In 1971 massive uranium tailings piles loomed over the south side of town, at the current location of the dog park.
(4)_________ Road, now a popular mountain biking area, was open to motorized vehicles (and served as a de facto town dump, off-roading area, and high schooler party zone).
The (5)_______ used to be the Thompson Saddle Shop (and other businesses—bonus points for whoever can name them in the comment section). To its south was the (6)_________ movie theatre. and downtown Durango also sported (7)_______ (where you’d go for a tie or suit) and (8)_________ (you got your Levis or Wranglers here). You could get a steak and cocktail at The Lost (9)______, and pizza and a beer at (10)_________ (Ralph Dinosaur’s home bar). The back of (11)________ pharmacy was a soda fountain, where one could get a phosphate and a burger and where, purportedly, town powerbrokers met. The 11th Street Station really was a service station named (12)__________. And there was a lunch counter in (13)______________, which is now an upscale restaurant on the 900 block of Main Ave.

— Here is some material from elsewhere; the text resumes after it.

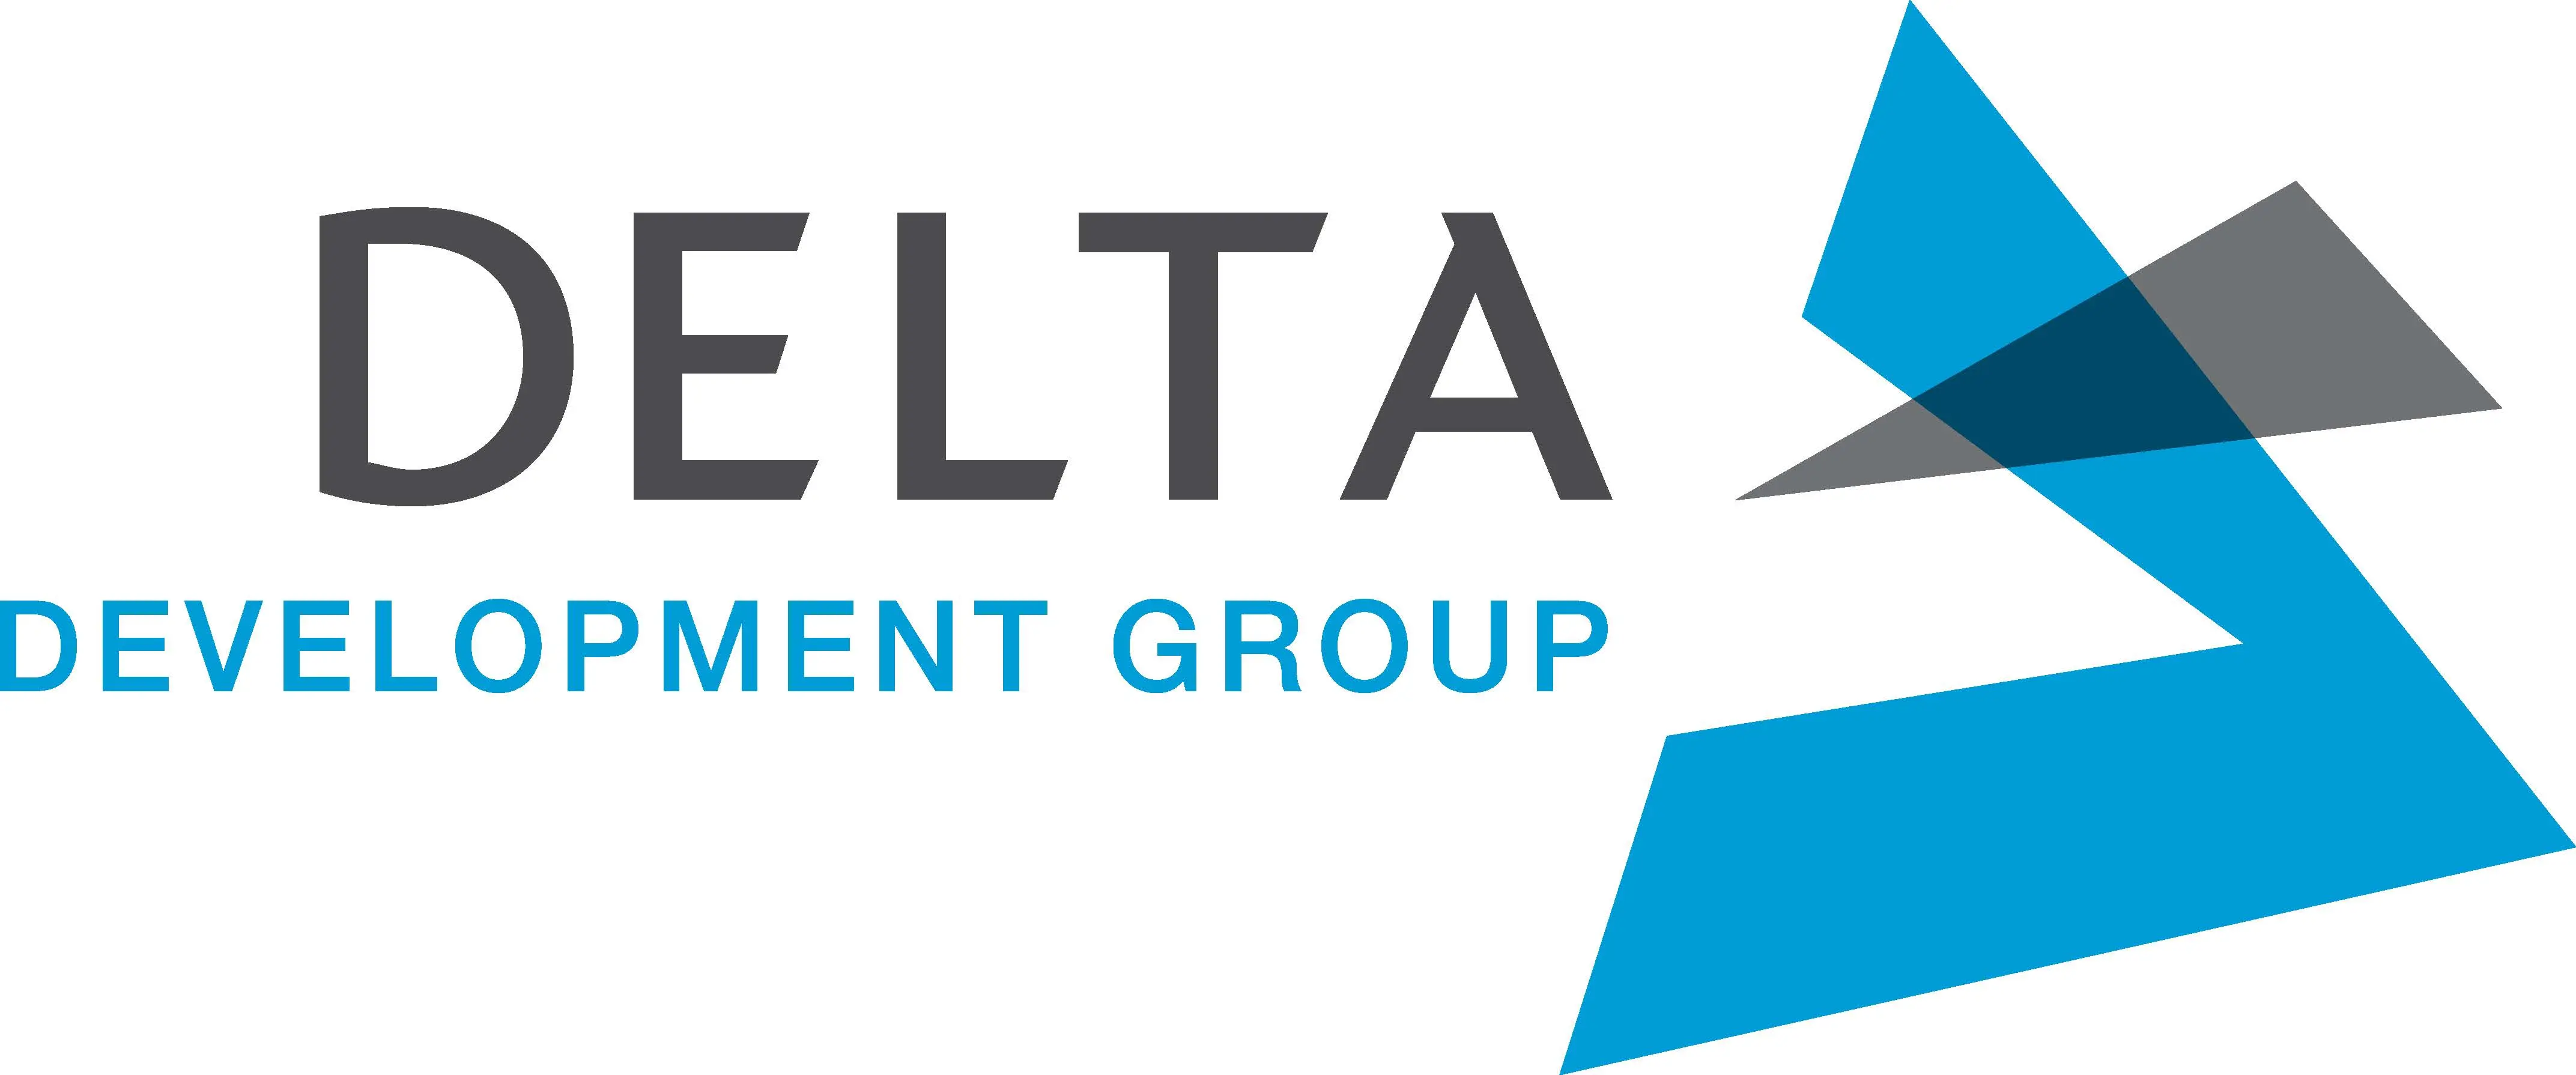 شركة دلتا جروب للتطوير العقاري Delta Development
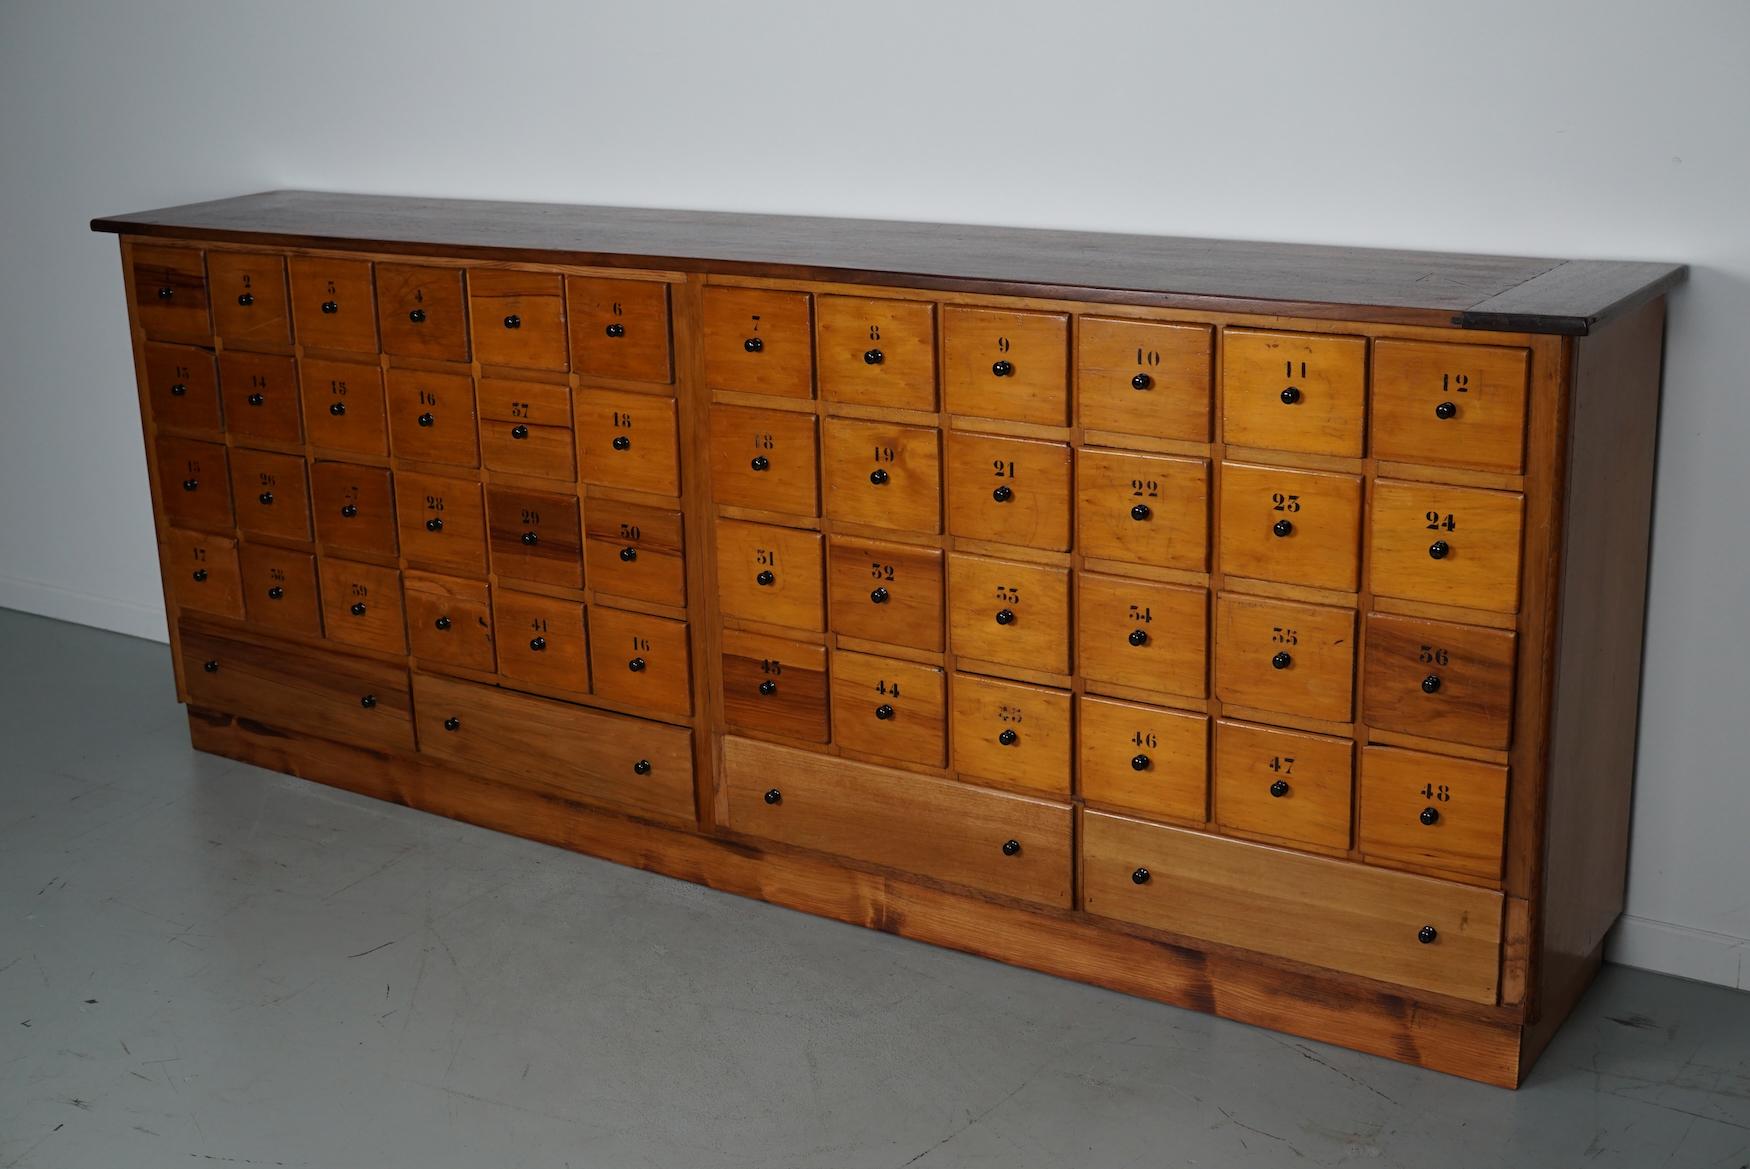 Cette banque d'apothicaire à tiroirs a été conçue et fabriquée vers 1950 aux Pays-Bas. Il a été fabriqué en hêtre et comporte 52 tiroirs avec des boutons et des numéros en métal noir. Les dimensions intérieures des tiroirs sont les suivantes : DWH

Oh my! Count that manila envelop and the "use-to-be" game it inspired are definitely some of the richest gems pulled from that valley in a long time! However, I am mad at you for including Griego's in your game because my pavlovian response has me drooling like a Labradork thinking about their green chili. And it's 11:15 at night! Tonight is ruined...
What a wild side-by-side photo. It's astonishing how stark Tupperware Heights appeared when it was first built. I can only imagine how folks felt about it at the time. Crestview has, for the most part, really aged into a nice neighborhood.
Too bad they were never able to implement a public greenbelt along Junction Creek. That would've been pretty amazing.